What’s driving Treasurys?
U.S. third-quarter gross domestic product is expected to grow at an annualized pace of 1.6%, down from 2% between April to June. Published at 8:30 a.m. Eastern Time, the GDP numbers should reflect a sharp cutback in business investment due to uncertainty about international trade policy, even as healthy consumer spending and a strong jobs market has propped up the U.S. economy.
Investors will also get a glimpse of employment growth, with Automatic Data Processing issuing its private-sector jobs report for October at 8:15 a.m. ET, but the U.S. Labor Department payrolls and unemployment report on Friday will be more keenly watched among market participants.
See: Three things to watch from the Fed meeting
Finally, the Federal Reserve will finish up its two-day meeting and release its policy decision at 2 p.m. ET. The broad consensus is for the U.S. central bank to lower its benchmark fed funds rate by a quarter percentage point to a range between 1.50% to 1.75%.
Yet with the U.S. economy still growing at a steady, albeit slowing, clip so far, analysts say the Fed may want to challenge the expectations of investors who still see the central bank carrying out an additional one to two quarter point rate cuts by the end of 2020.
The U.S. Treasury Department will make its refunding announcement at 8:30 a.m. ET, where it will describe how much borrowing it needs to finance over the next two quarters. More important, it could mention tweaks to the size of government debt auctions amid calls for the U.S. Treasury to increase its issuance of shorter-term bills, following the Fed’s decision to buy $60 billion of Treasury bills every month at least through the second half of next year.
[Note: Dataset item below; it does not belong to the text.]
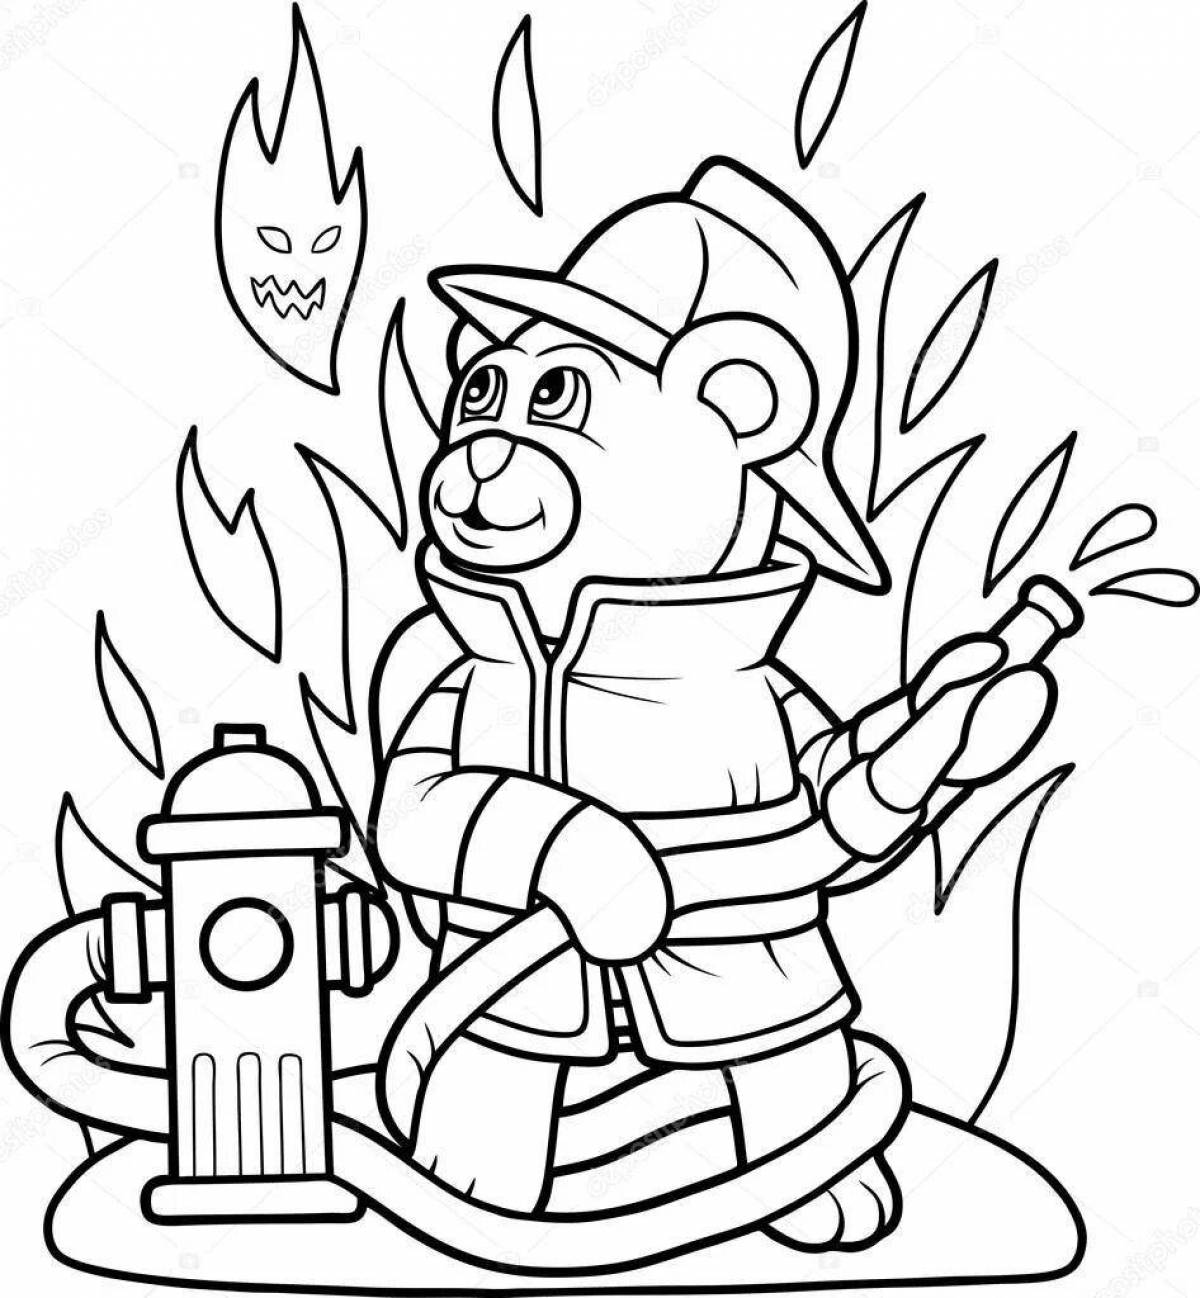 Fun drawing of fire safety

Read: Why one Fed watcher says the central bank needs to keep chopping interest rates
What did market participants’ say?
“The worry is that the Fed has basically been making policy based on market demands as opposed to the economic outlook,” Steven Oh, global head of credit and fixed income at PineBridge Investments, told MarketWatch. “They clearly don’t want to surprise the markets as that could create volatility in the market, and that does have a real impact on economic confidence overall. The Fed has a real messaging dilemma to try to guide the market as to why additional rate cuts may not be necessary on the economic outlook.”